Except that the Western nations where most of the mega companies are headquartered were demanding that developing countries open their markets immediately. The poorer countries saw that as a policy of "do as we say, not as we did." They look at the example of the U.S. and European economies, and more recently South Korea and China, all of which moved into the world marketplace slowly, shielding some products that were key to their domestic economies from tariff restrictions and nurturing them into world markets.
China's computer maker, Lenovo, is an example. The company was created by the government and protected for years; it recently purchased IBM's PC division and is now a world leader in high-technology electronics. Acer Computer from Taiwan and Kia Motors from South Korea followed similar paths.
Developing countries got the shorter end of the stick in these talks because they form a small part of global markets and thus have less negotiating clout, though the whole point of the negotiations was to consider this.
Three reforms would go a long way toward that end.
First, the United States and Europe should agree to honor World Trade Organization rulings that have deemed their subsidies for cotton and sugar to be in violation of existing trade rules that forbid exporting products at prices lower than what it cost to make them. This would give a real boost to farmers in West Africa and Latin America.
Second, Western nations should take seriously the proposal by many poorer nations to tame global businesses that demand unfair prices for resources used in farm production and reap billions in profits on the sale of final products.
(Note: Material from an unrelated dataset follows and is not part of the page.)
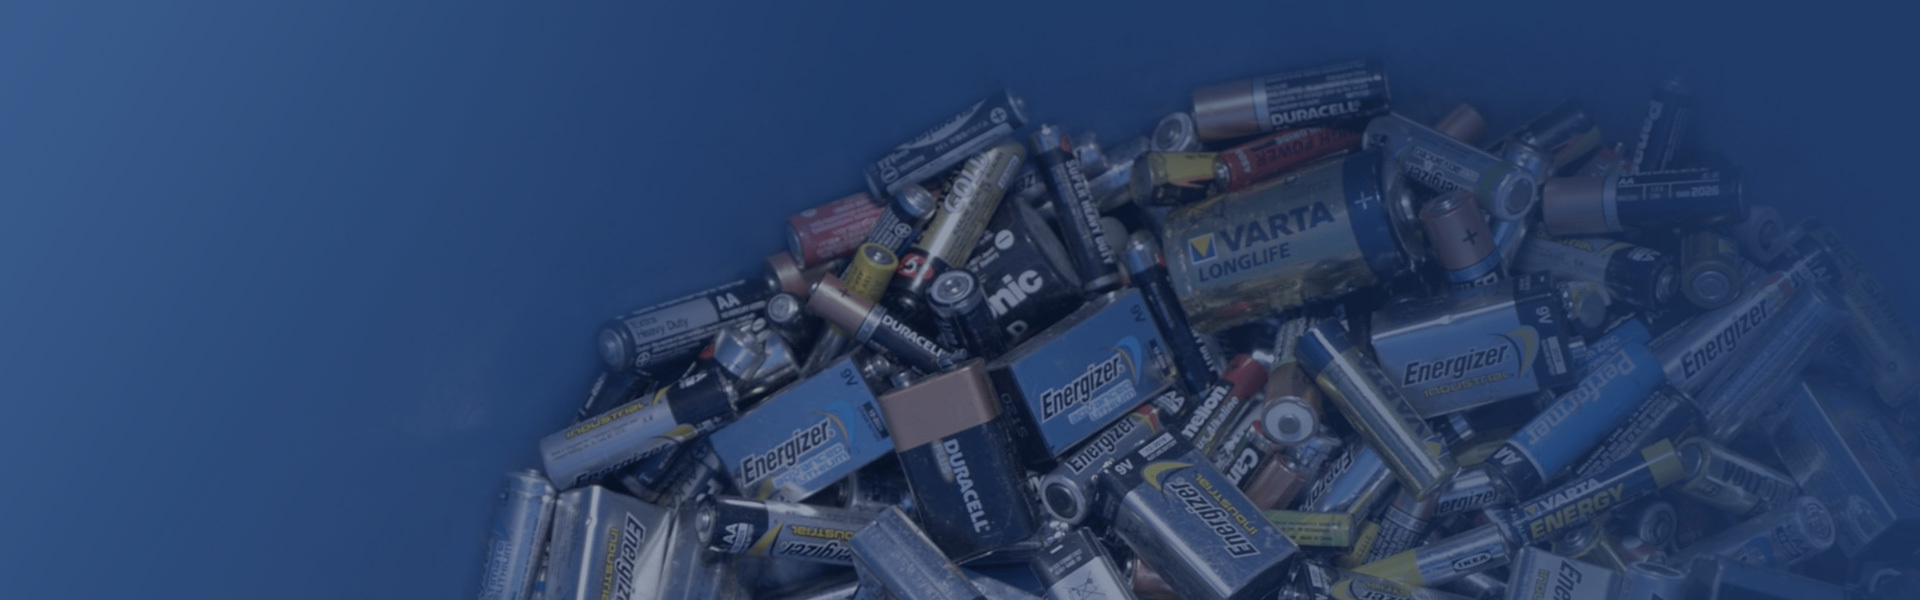 Types of battery recycling

Negotiators should recognize the long-standing World Trade Organization principle of "special and differentiated treatment" for poorer nations. Developed nations should roll back patent laws that impede poorer nations from manufacturing cheaper generic drugs, and they should allow poorer countries to exempt staples of their local economy such as corn, rice and wheat from deregulation.
Helping the world's poor isn't just about charity. In 2005, more than half of U.S. exports went to nations outside Canada, Japan and all of Europe. The more developing countries grow, the more markets we'll have for our products. The less they grow, the less we grow.